# Proof for formula for amount of series $1+2+3+\ldots+n$?

How several means exist to pick a $2$ - component part out of an $n$ - component set?

On the one hand, you can pick the first component of the embeded in $n$ means, after that the 2nd component of the embeded in $n-1$ means, after that divide by $2$ due to the fact that no matter which you pick first and also which you pick 2nd. This offers $\frac{n(n-1)}{2}$ means.

On the various other hand, intend the $n$ components are $1, 2, 3, ... n$, and also intend the bigger of both components you pick is $j$. After that for every single $j$ in between $2$ and also $n$ there are $j-1$ feasible selections of the smaller sized of both components, which can be any one of $1, 2, ... j-1$. This offers $1 + 2 + ... + (n-1)$ means.

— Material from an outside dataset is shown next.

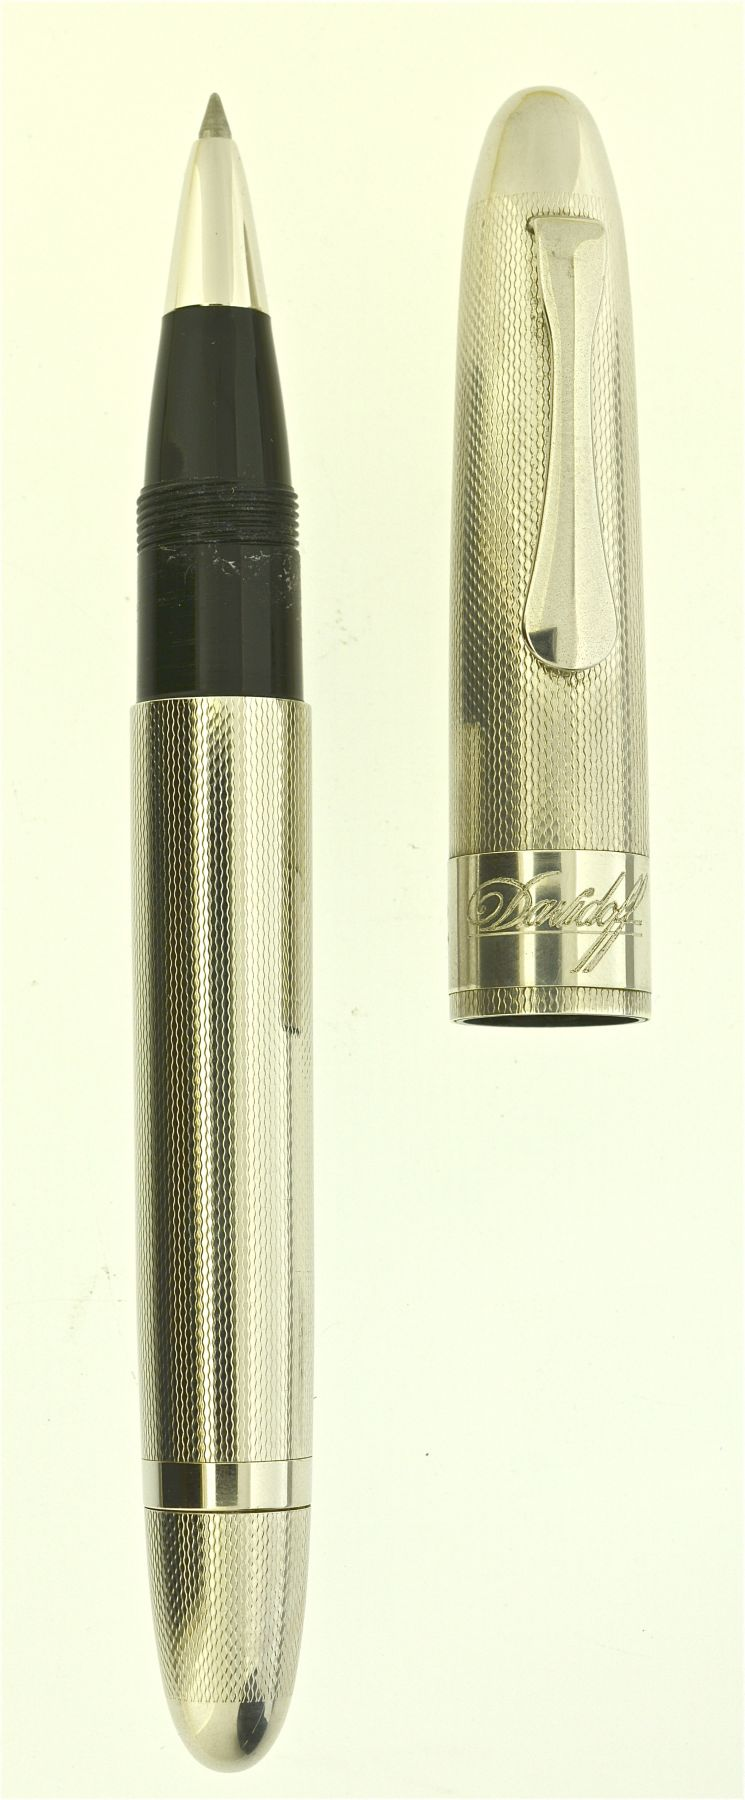 Michel Audiard Sculpteur Stylo catalogue de la vente stylomania à artcurial - fin de la

Given that both expressions over matter the very same point, they have to be equivalent. This is called the concept of double checking, and also it is just one of a combinatorialist's favored tools. A generalization of this argument permits one to reason the amount of the first $n$ squares, dices, 4th powers ...

Once you have a formula similar to this, you can confirm it by induction. Yet that asks the inquiry regarding just how you get such a formula. In this instance you might ask : (a) what's the "ordinary" term? and also (b) the amount of terms exist?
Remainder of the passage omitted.